# Can I play videos on my TV from my iPhone?



## Dawkins terrier

If so which cable do I need and can I then play all videos that my iPhone plays such as YouTube, iPod, BBC iPlayer, other internet videos and most importantly will I then be able to play my SKY app so I can watch the match on my TV.
thanks in advance guys.

TV; 42" Wharfdale HD ready
iPhone; 3G 16GB


----------



## wmorri

Hi,

Yes! There is a very simple way to do it. Have a look at TV out support, from Apple. This will tell you everything that you will need to know and buy. Simple put, you will need to get the charger to component cable so that you can connect it.

Cheers!


----------



## Dawkins terrier

Thanks wmorri, 1 thing i noticed...

_Display photos or video on a TV or other video device using a Component AV Cable or Composite AV Cable if you have an iPod that plays video._ 

1. Do I need to buy this cable seperate from the dock and
2. Does this mean that only ipod video can be played not the thing I want it for, BBC iPlayer and my SKY sports app.

thanks again.
Dean


----------



## wmorri

Hi,

As far as I can tell you need to get the cables seperate from the dock.
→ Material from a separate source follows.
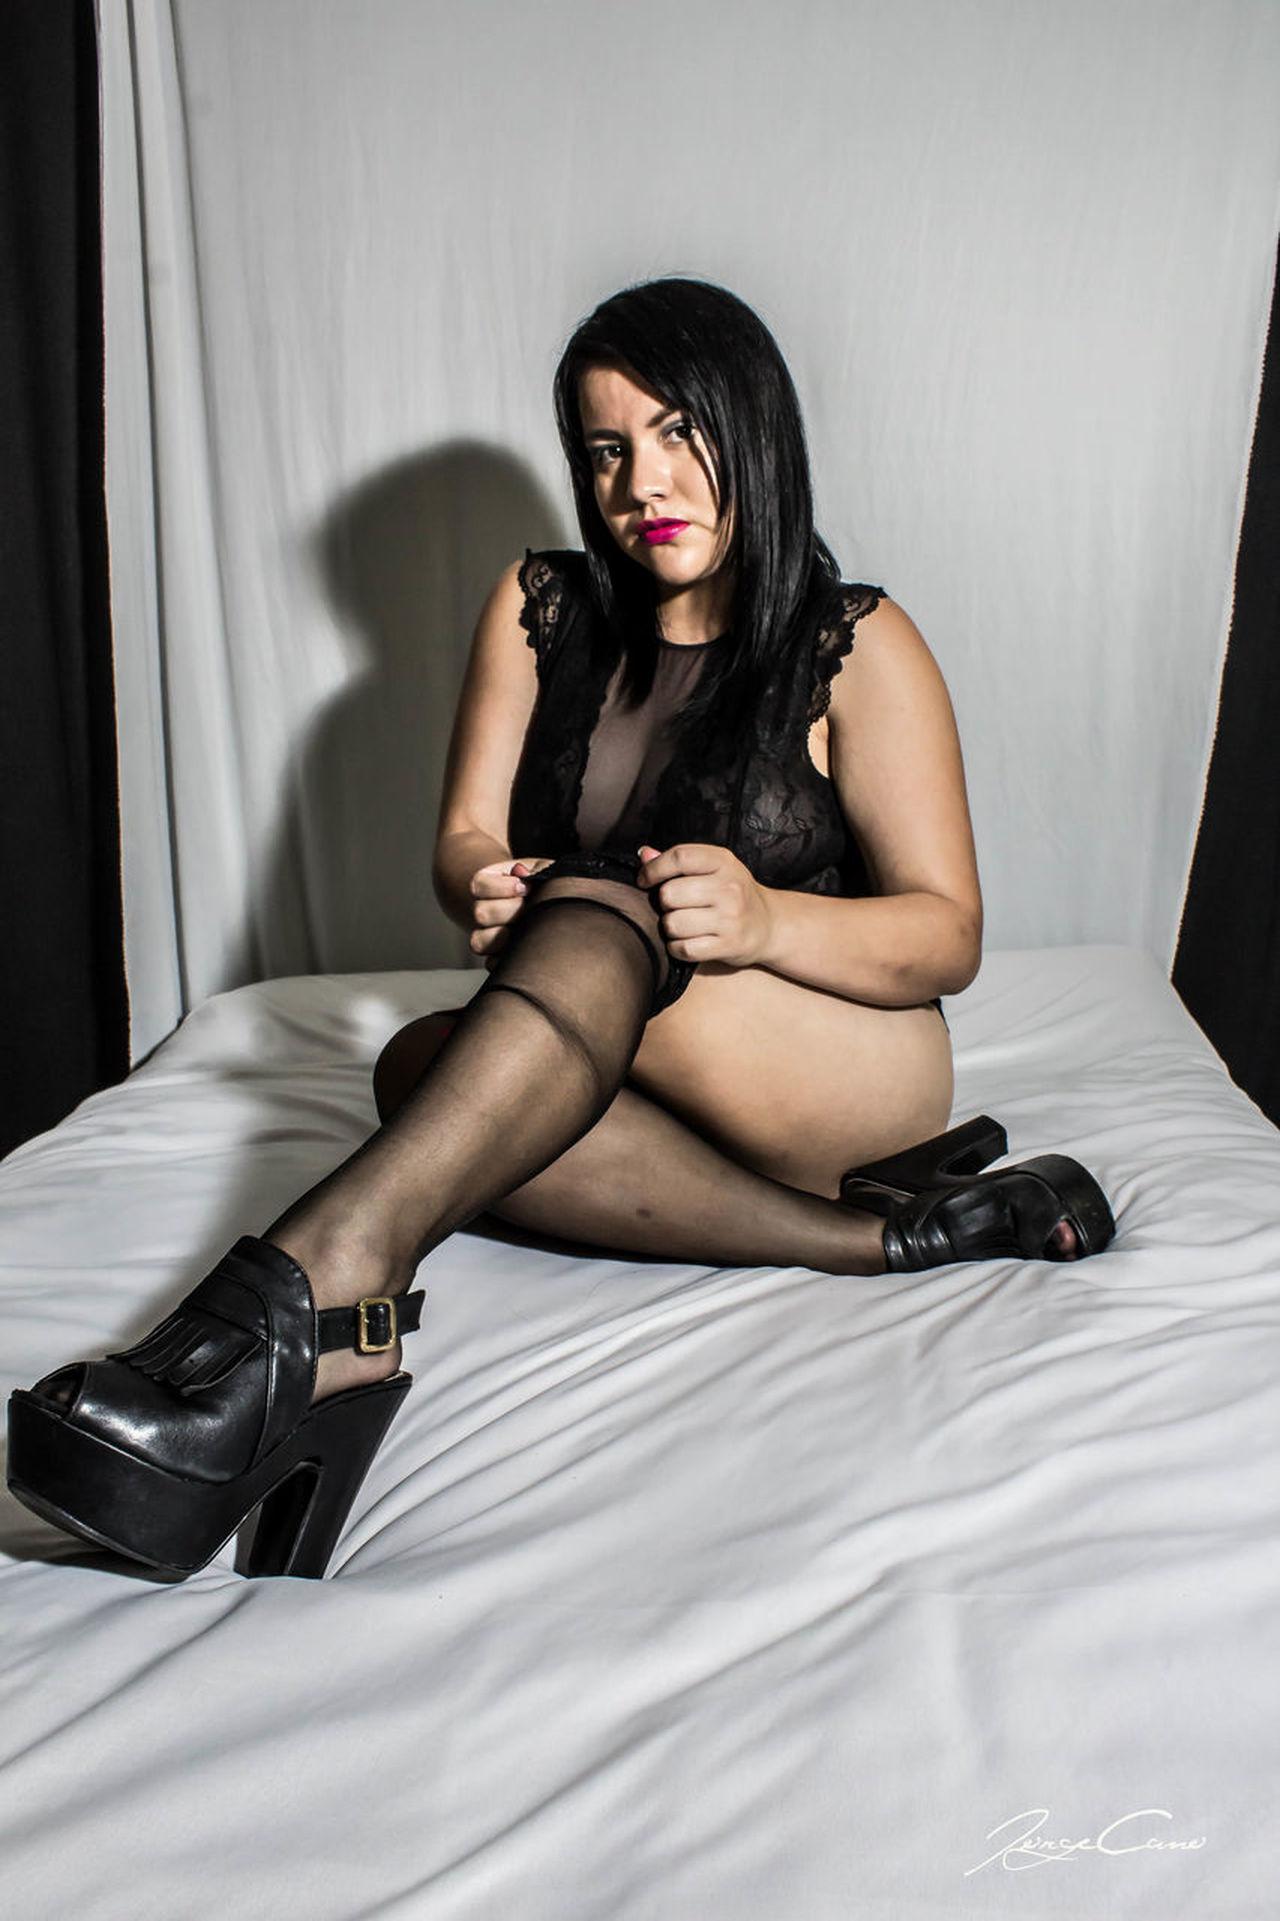 Hi! Arte Hello World SDHestudio Erotic_photo Noches Erotic_model

Now, apple is selling them for 49.99 on their store but I am sure that you can find them cheaper. 

As for playing other things. I have seen youtube videos being played on the iphone and the tv. So I am sure that some things can be played, but I don't know about the BBC iPlayer, and SKY sports app. Do a little searching I am sure the answer is out there.

Cheers!


----------